The dataset is in Beyond 20/20 (.ivt) format. The Beyond 20/20 browser is required in order to open it. This software can be freely downloaded from the Statistics Canada website:
https://www.statcan.gc.ca/eng/public/beyond20-20 (Windows only).
For information on how to use Beyond 20/20, please see:
http://odesi2.scholarsportal.info/documentation/Beyond2020/beyond20-quickstart.pdf
https://wiki.ubc.ca/Library:Beyond_20/20_Guide

Custom order from Statistics Canada includes the following dimensions and variables:

Geography:
Non-reserve CSDs in British Columbia - 299 geographies
The global non-response rate (GNR) is an important measure of census data quality. It combines total non-response (households) and partial non-response (questions). A lower GNR indicates a lower risk of non-response bias and, as a result, a lower risk of inaccuracy. The counts and estimates for geographic areas with a GNR equal to or greater than 50% are not published in the standard products. The counts and estimates for these areas have a high risk of non-response bias, and in most cases, should not be released. All the geographies requested for this tabulation have been cleared for the release of income data and have a GNR under 50%.
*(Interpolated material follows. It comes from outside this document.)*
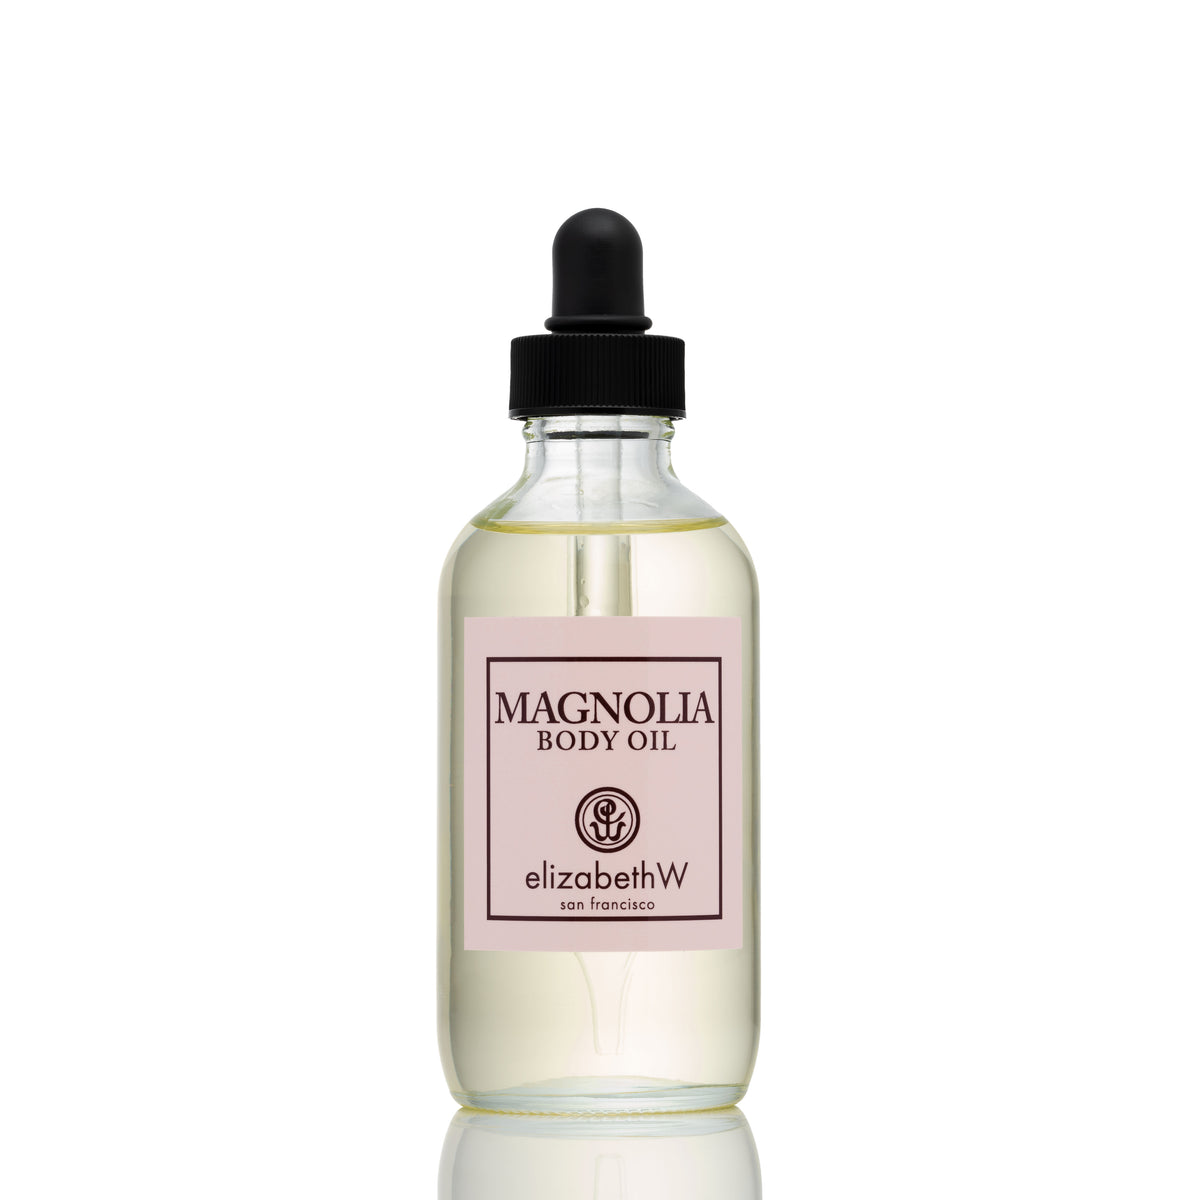 Magnolia Body Oil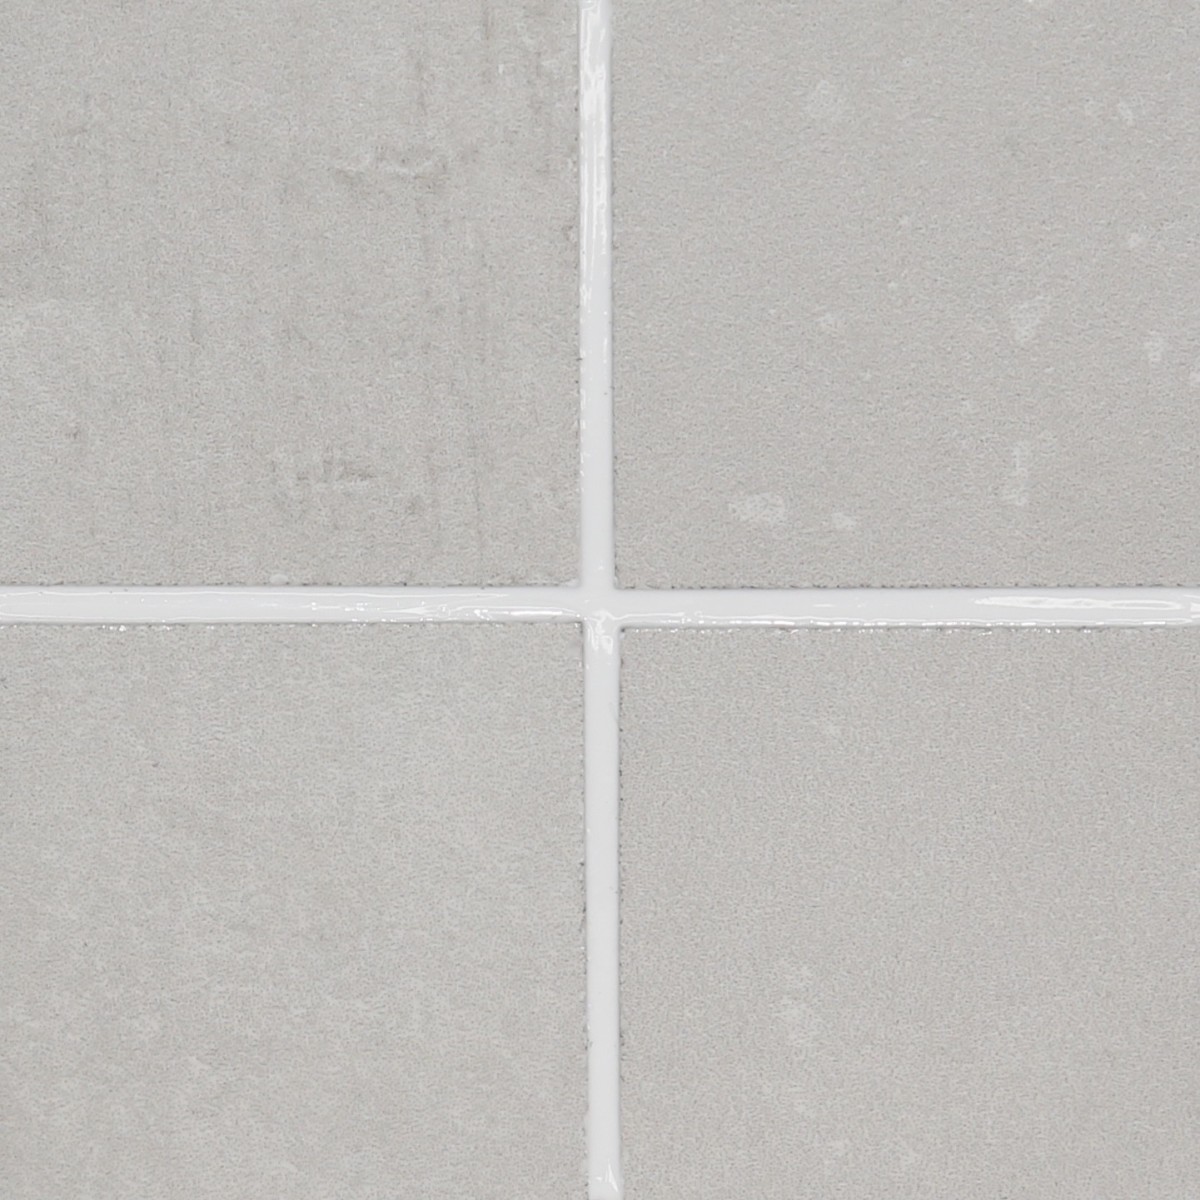 Blanchir les joints de carrelage / Blanch the tile joints

Housing Tenure Including Presence of Mortgage (5)
1. Total – Private non-band non-farm off-reserve households with an income greater than zero by housing tenure
2. Households who own
3. With a mortgage1
4. Without a mortgage
5. Households who rent
Note: 1) Presence of mortgage - Refers to whether the owner households reported mortgage or loan payments for their dwelling.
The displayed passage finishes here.